Tuesday, August 30, 2005

ENV: Regenerating Mice

'Miracle mouse' can grow back lost limbs
Jonathan Leake, Science Editor, TimesOnline.com, August 28, 2005

SCIENTISTS have created a “miracle mouse” that can regenerate amputated limbs or badly damaged organs, making it able to recover from injuries that would kill or permanently disable normal animals.

The experimental animal is unique among mammals in its ability to regrow its heart, toes, joints and tail.

The researchers have also found that when cells from the test mouse are injected into ordinary mice, they too acquire the ability to regenerate.

The discoveries raise the prospect that humans could one day be given the ability to regenerate lost or damaged organs, opening up a new era in medicine.

Details of the research will be presented next week at a scientific conference on ageing, Strategies for Engineered Negligible Senescence, at Cambridge University. Ellen Heber-Katz, professor of immunology at the Wistar Institute, an American biomedical research centre, says that the ability of mice at her laboratory to regenerate appears to be controlled by about a dozen genes.

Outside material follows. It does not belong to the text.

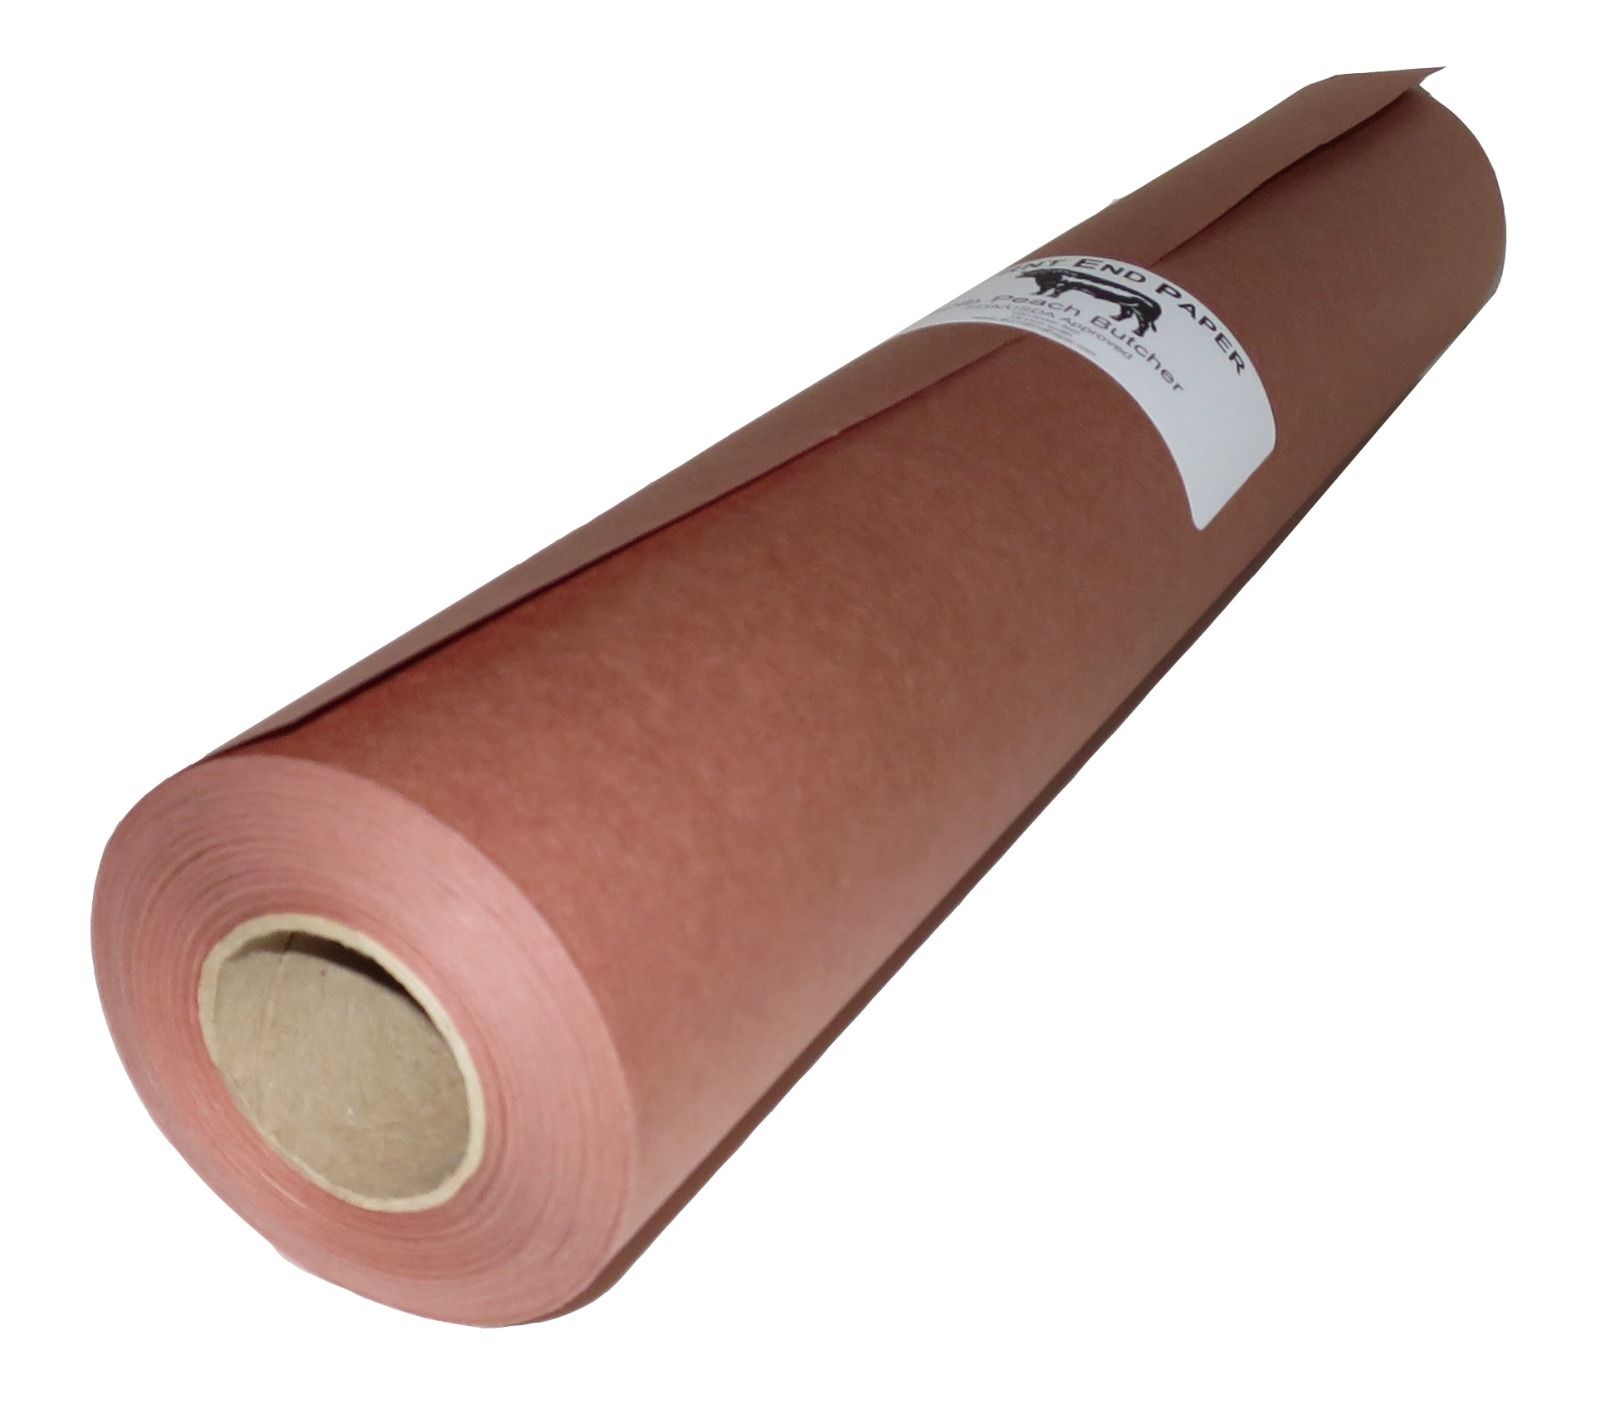 Storing Grilling Pink Craft Butcher Paper In Dispenser Box 17.75 Inch by 175 Feet Roll Kraft Paper Serving Made in USA Heavy Duty wrapping For BBQ Smoking All Meats No Bleach Unwaxed

She is still researching their exact functions, but it seems almost certain that humans have comparable genes.

“We have experimented with amputating or damaging several different organs, such as the heart, toes, tail and ears, and just watched them regrow,” she said. “It is quite remarkable. The only organ that did not grow back was the brain.

“When we injected foetal liver cells taken from those animals into ordinary mice, they too gained the power of regeneration. We found this persisted even six months after the injection.”

Heber-Katz made her discovery when she noticed that the identification holes that scientists punch in the ears of experimental mice healed without any signs of scarring.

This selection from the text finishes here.